Purkinje Incorporated
- Company type: Private
- Industry: Medical software
- Founded: Purkinje 1985, merged with Développement Purkinje in 1991
- Founder: Rénald St-Arnault (Purkinje, Dév. Purk.) Pierre-Paul Yale (Dév. Purk.) Michel Maksud (Purkinje, Dév. Purk.) Yves Lévesque (Dév. Purk.) Yves A. Lussier (Dév. Purk.)
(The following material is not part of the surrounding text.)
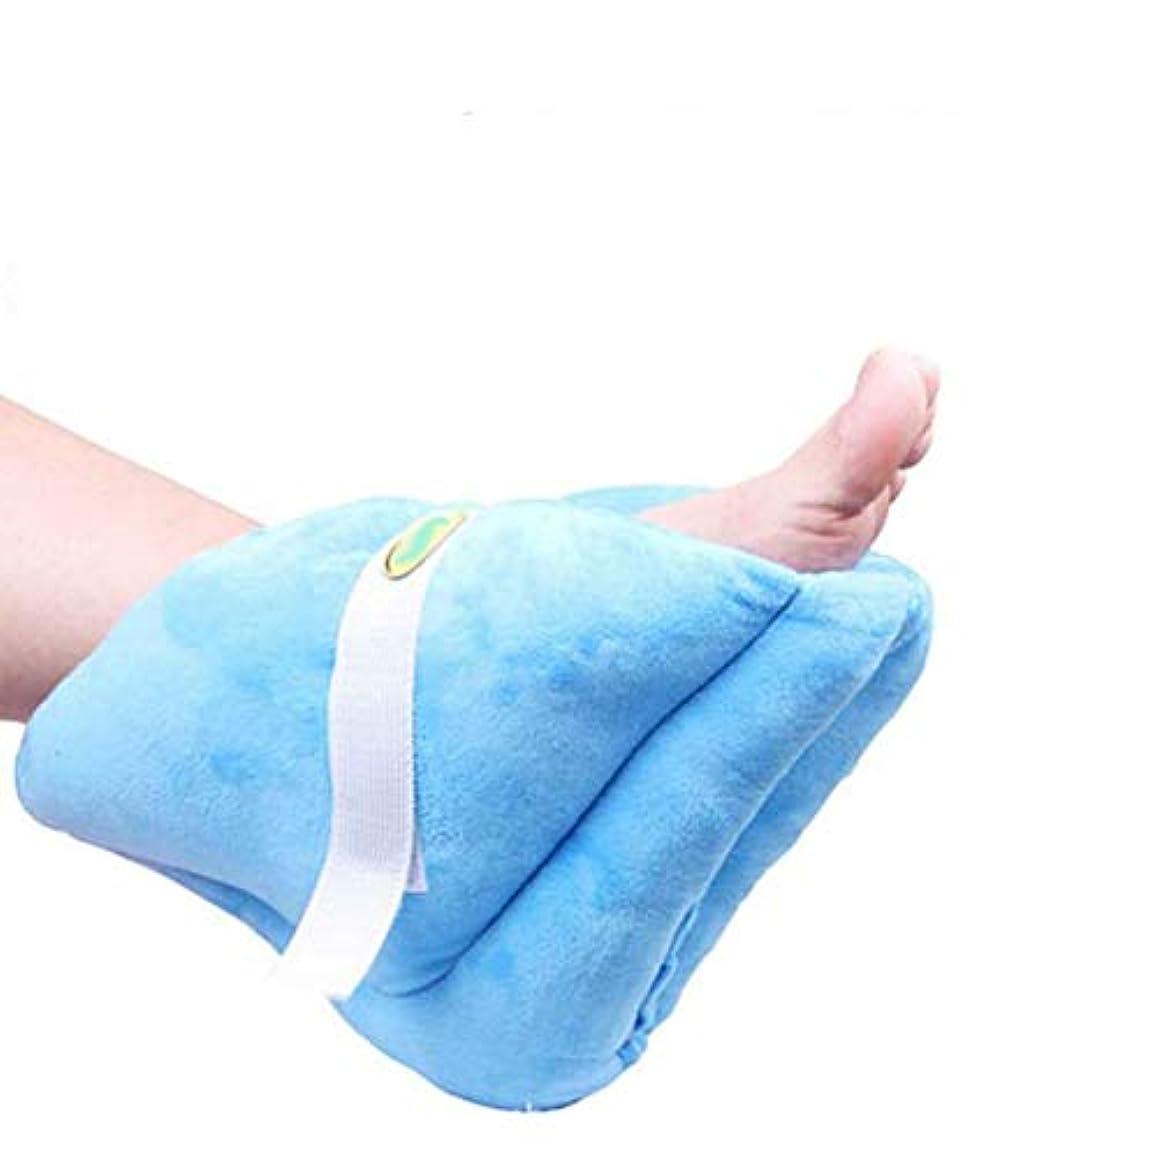 指導する帝国主義ディーラーヒールクッションプロテクター - 足と足首の枕 - ヒール保護ガード - 足、肘、かかと - ベッド&褥瘡を保護します,1pc

- Headquarters: Montreal, Canada
- Area served: North America
- Products: Electronic Medical Record, Practice management software
- Owner: John Doerr and others
- Number of employees: 100
- Website: Purkinje.com

= Purkinje Incorporated =

Canadian medical software company

Purkinje Incorporated pioneered pen computing for comprehensive clinical management of patients by physicians in 1991 with the "PureMD" ontology-anchored medical record was later rename Dossier that allowed physician order entry, knowledge-based clinical decision support, and billing from clinical note-taking (e.g. medical history) recorded on a tablet computer. In 1994 and 2007, "Dossier" was respectively awarded the "OCTAS of excellence" and the "TEPR award for standalone eprescribing systems". Dossier's impact of on clinical redaction was evaluated in two peer-reviewed studies.
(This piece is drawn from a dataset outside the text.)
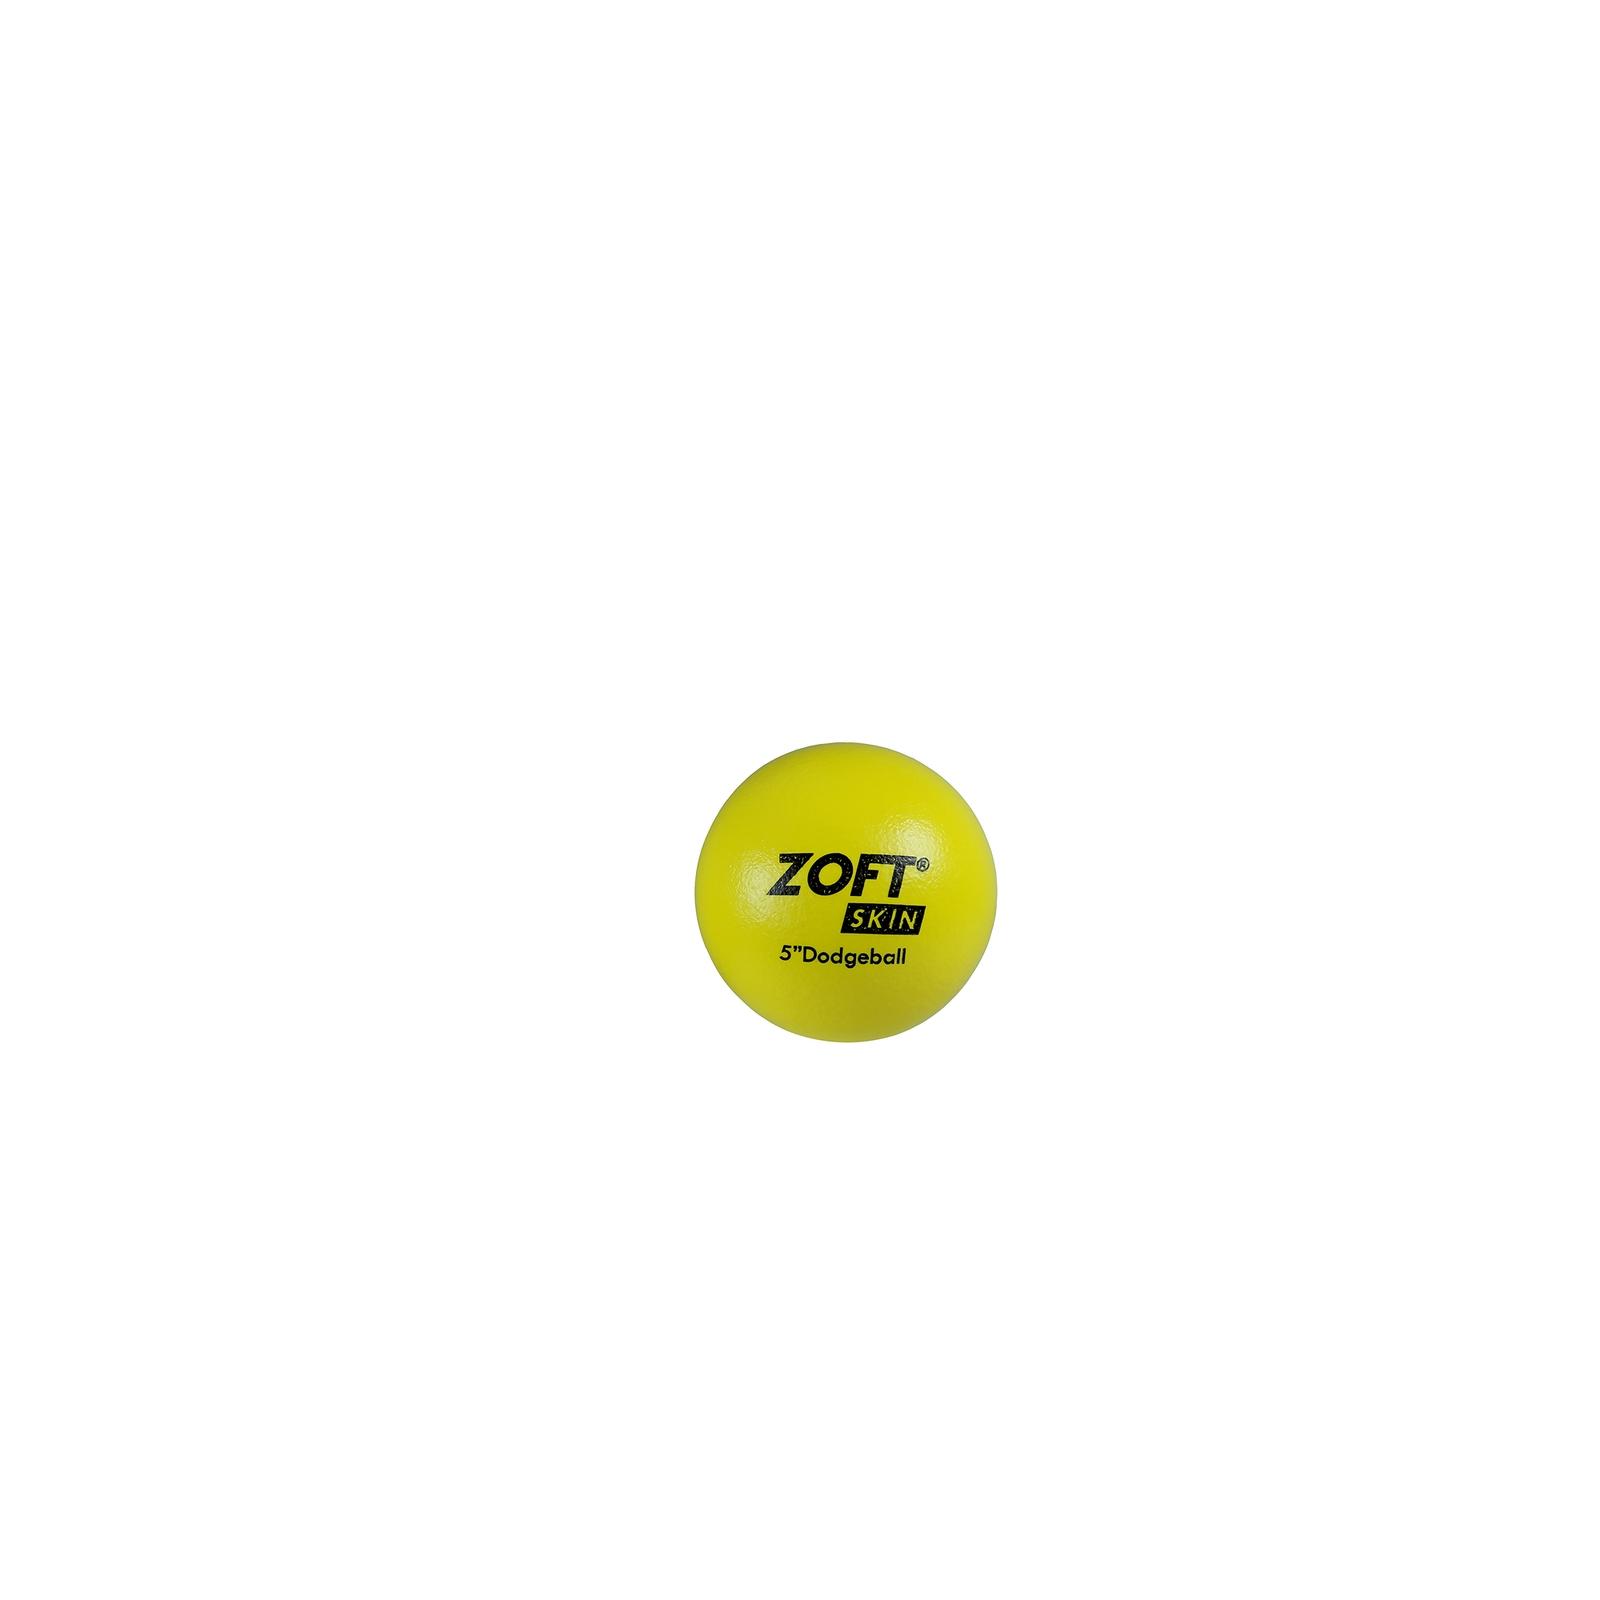 Zoftskin Dodgeball - Size 5 - Yellow

"Purkinje software and services" currently serve over 13,000 physicians in clinics, community health centers, and hospitals throughout North America. The company provides health software and related services in the areas of practice management, electronic health records, personal health records, and electronic prescribing. In addition, Purkinje provides a series of professional services to physician practices including billing services, transcription, and medication dispensing.